John, it's Mark here. You're right that the working capital we've discussed will fluctuate around the $10 billion level each quarter. The sale of the PrairieSky shares will help reduce debt. Since the beginning of 2024, we’ve been allocating 100% of our free cash flow to shareholders, and you will see that continue throughout 2024.
Okay. Great. And then can you speak about your current thinking on the M&A side? We spoke about the small divestiture. Just anything else you might look at on the divestiture side obviously, your balance sheet is where you want it to be, but anything else you might look to sort of prune there? And then just on the other side, how you're thinking about acquisitions from here?
Yes, I think we expect activity to be quite low going forward. There isn't anything specific that comes to mind regarding that. Given our asset base, the reserves we hold, and the opportunities available in those areas, we are very confident that we won't need to pursue acquisitions and can focus on strong internal growth instead. So, I don't have any additional comments regarding M&A activity at this time.
Your next question is from Patrick O'Rourke of ATB Capital Markets.
That's a thorough overview. I have a couple of questions, but I want to revisit the gap. You mentioned the macro situation. Over the past few years, you've shifted capital from gassier assets to oilier ones. I'm curious about the price range for AECO or whatever you're currently considering. At what price point would we see a return of capital to those gassier assets?
Yes. It's a good question, Patrick. I think though, how you got to look at it is that in terms of the Montney, you've got significant liquids production, which really drive the economics there. So it doesn't take much of a gas price from that perspective to have the economics go around to drill and complete those wells. Where you get into the lower liquids production wells, I think we definitely need to see a little bit stronger activity, the stronger pricing that we're seeing right now. I can't give you an exact price, but it has to be better than it is now. If you look at the forward pricing, we can make it work at what we're seeing in the strip.

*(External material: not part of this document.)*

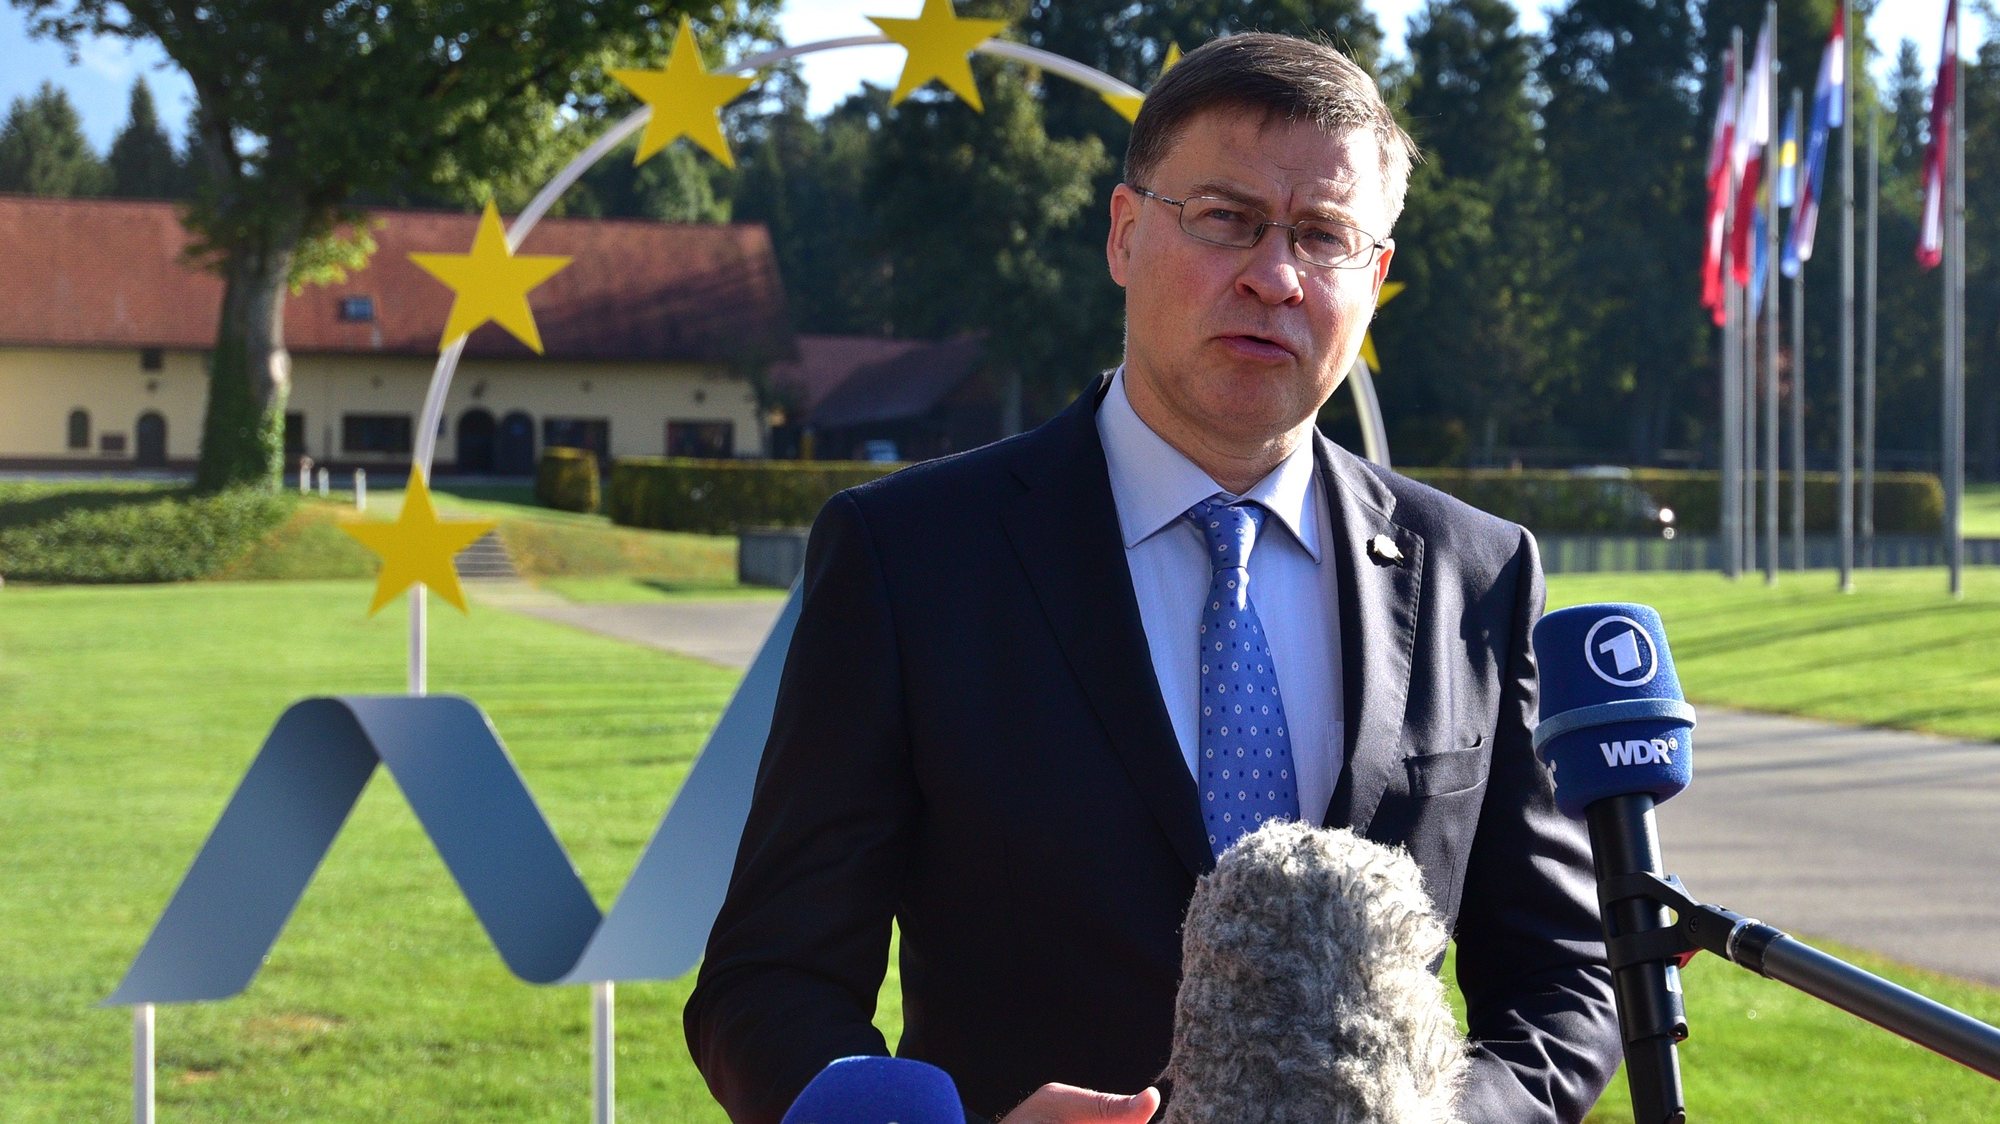 epa09459057 European Commission Executive Vice President Valdis Dombrovskis speaks before an Informal meeting of EU Ministers for Economic and Financial Affairs, at the Kongresni center Brdo, Predoslje, Slovenia, 10 September 2021. Slovenia is hosting a two-day Informal Meeting of EU Ministers for Economic and Financial Affairs.  EPA/IGOR KUPLJENIK

Okay. And then just maybe to kind of build upon what John Royall was asking earlier. You did take the net debt down meaningfully below the $10 billion. Can you just clarify in terms of free cash flow, do you consider those previously guided funds from that to be free cash flow that you would distribute to shareholders when we're running our calculation here? And then I don't know if you can speak to what kind of the motivation for the timing of the sale of that asset was.
You should consider the PrairieSky share sale as separate from free cash flow. When evaluating free cash flow policy, it involves adjusted funds flow from operations minus our capital expenditures and dividends. We remain committed to our goal of returning 100% of free cash flow to shareholders, but the PrairieSky shares fall outside that framework. It was simply an opportune time to sell and to realize the value we have gained from that investment over the years.
There are no further questions at this time. I will now turn the call over to the presenters for closing remarks.
Thank you, operator, and thanks to everyone for joining us this morning. If you have any questions, please give us a call. Thanks, and have a great day.
This concludes today's presentation. Thank you for your participation. You may now disconnect.